> _INFORMATION SUPPLIED_
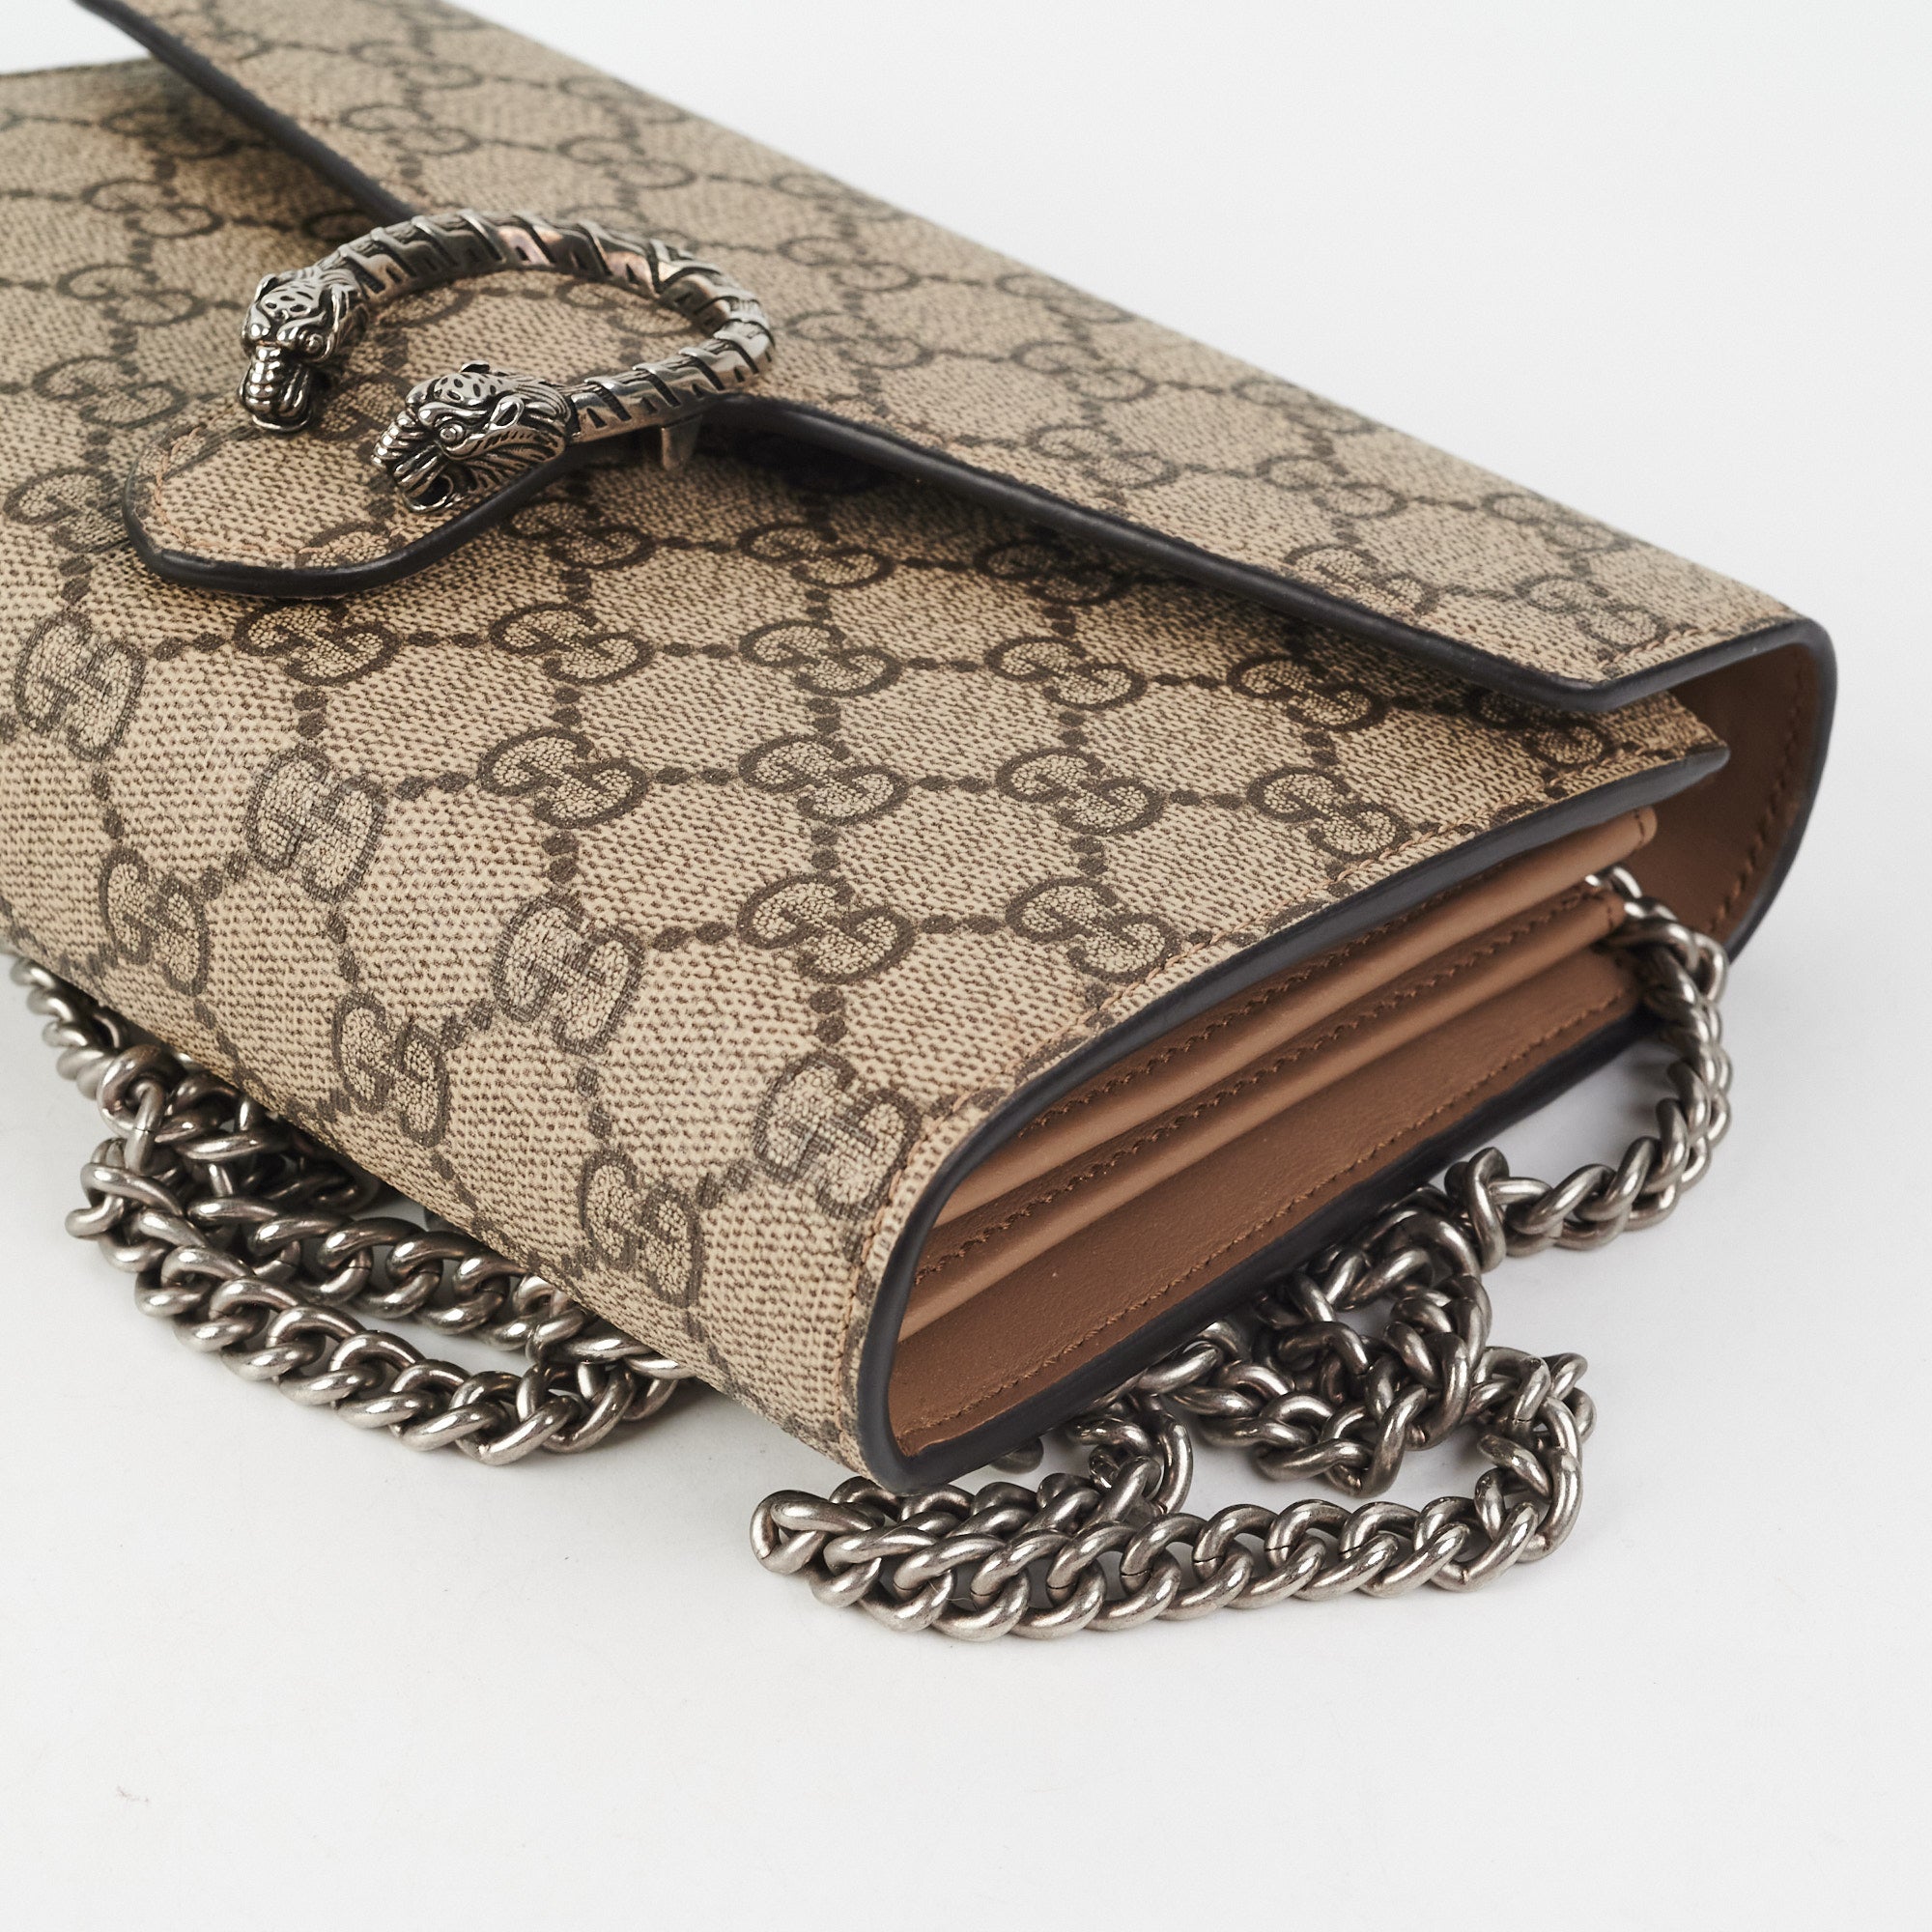 17 Gucci Dionysus GG Supreme Wallet On Chain ideas  gucci dionysus, gucci,  dionysus gg supreme chain wallet
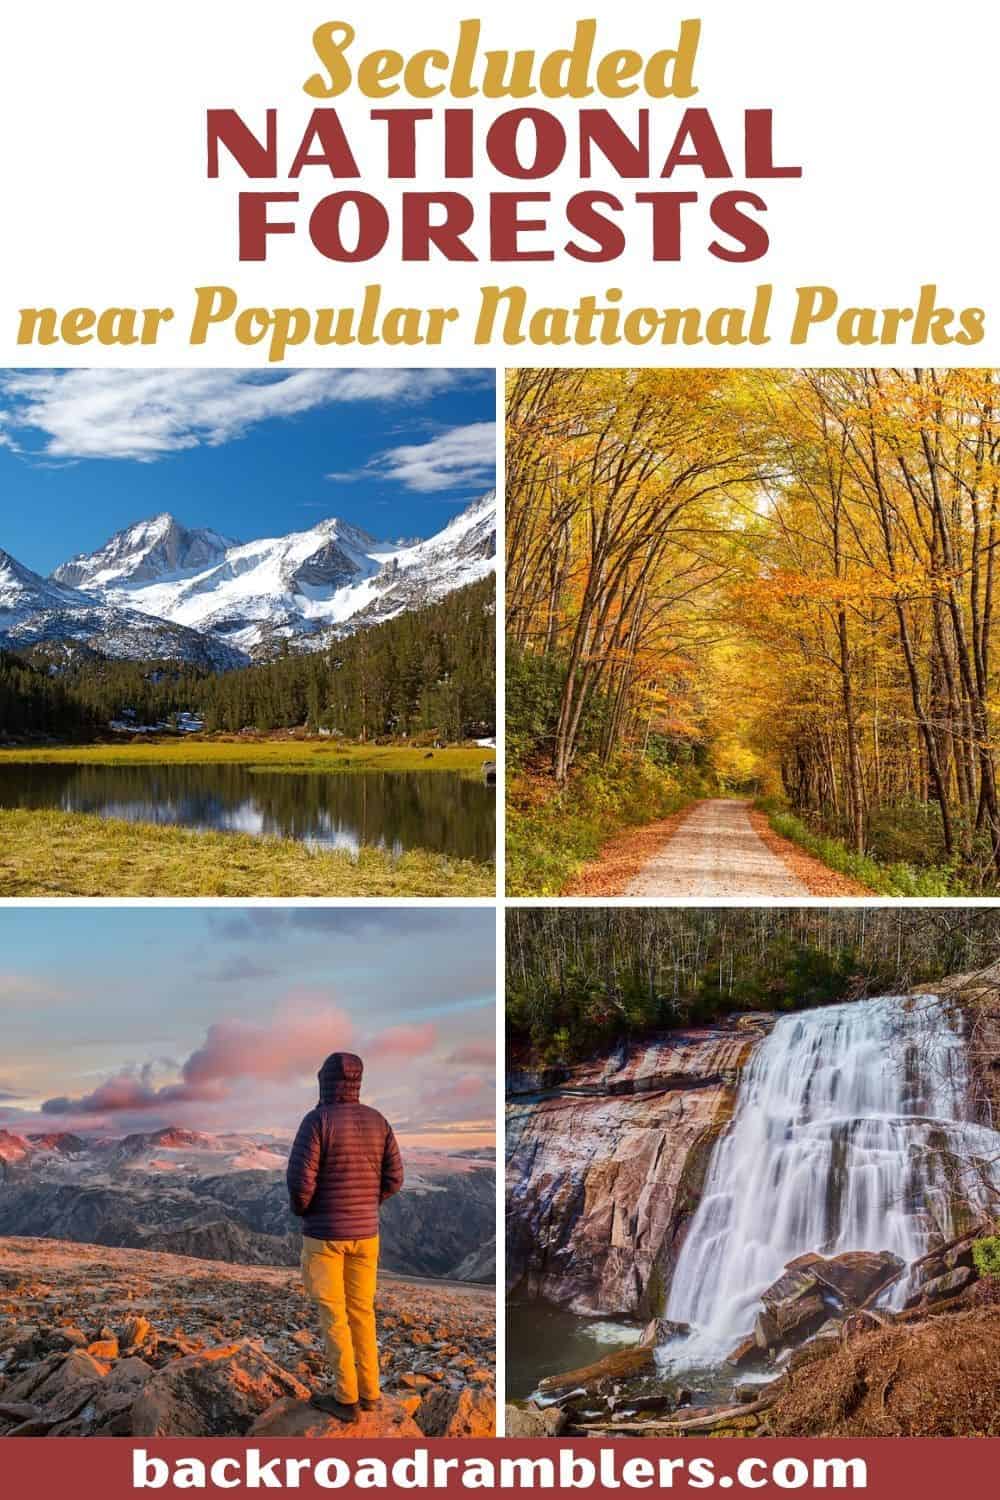 A collage of photos featuring beautiful and secluded national forests near national parks.
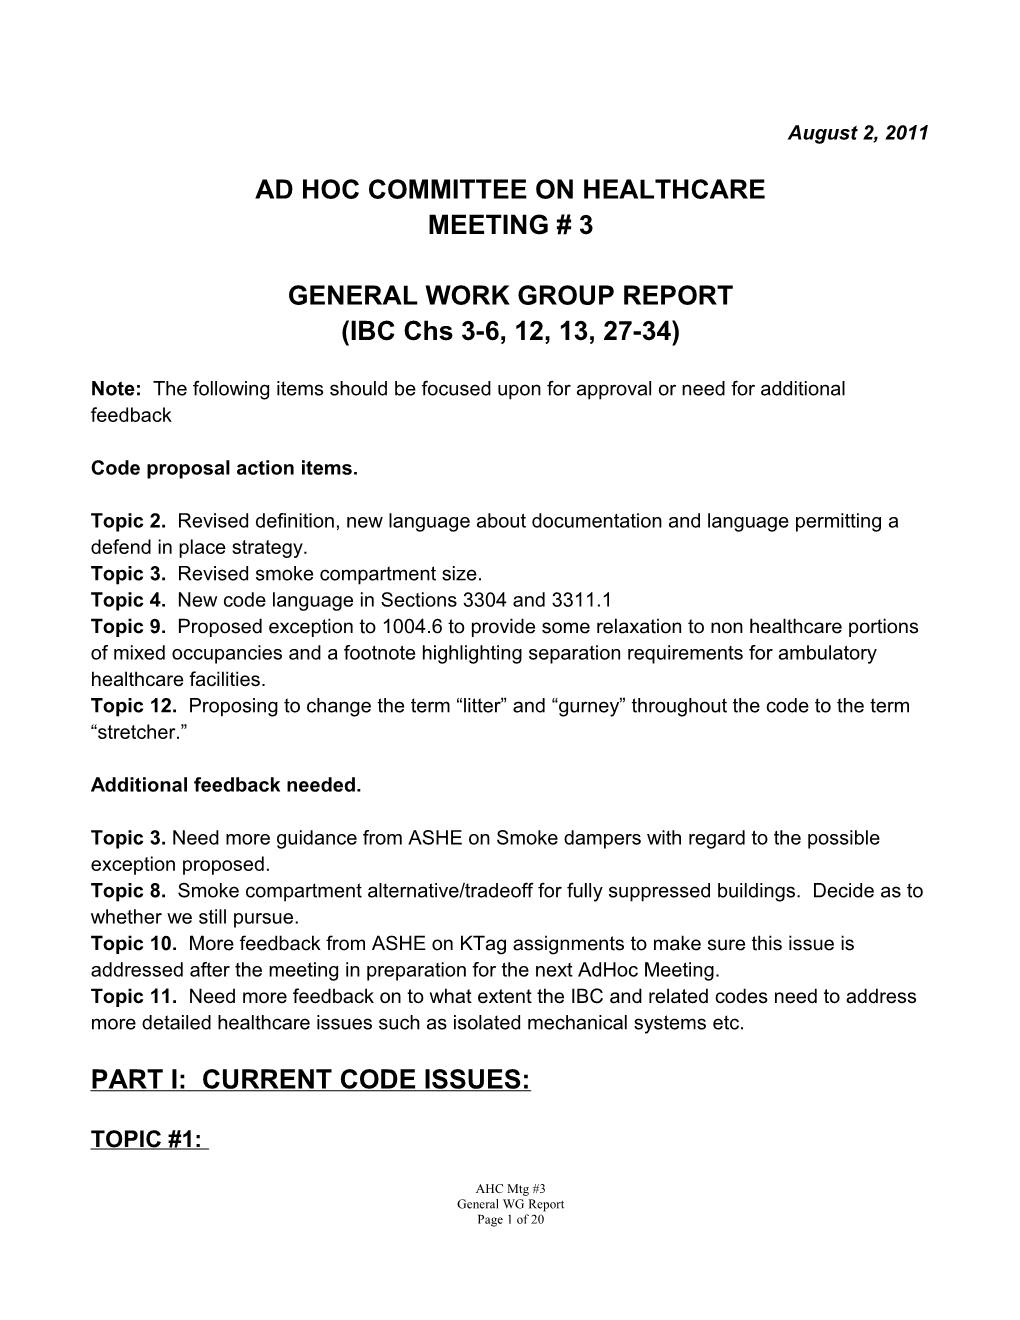 Ad Hoc Committee on Healthcare Meeting # 3: General Work Group Report (IBC Chs 3-6, 12

> _PROBLEM TO SOLVE_
Please output the material above unchanged, apart from removing the pictures.

> _ANSWER TO THIS EXERCISE_
 17 Gucci Dionysus GG Supreme Wallet On Chain ideas  gucci dionysus, gucci,  dionysus gg supreme chain wallet
 A collage of photos featuring beautiful and secluded national forests near national parks.
 Ad Hoc Committee on Healthcare Meeting # 3: General Work Group Report (IBC Chs 3-6, 12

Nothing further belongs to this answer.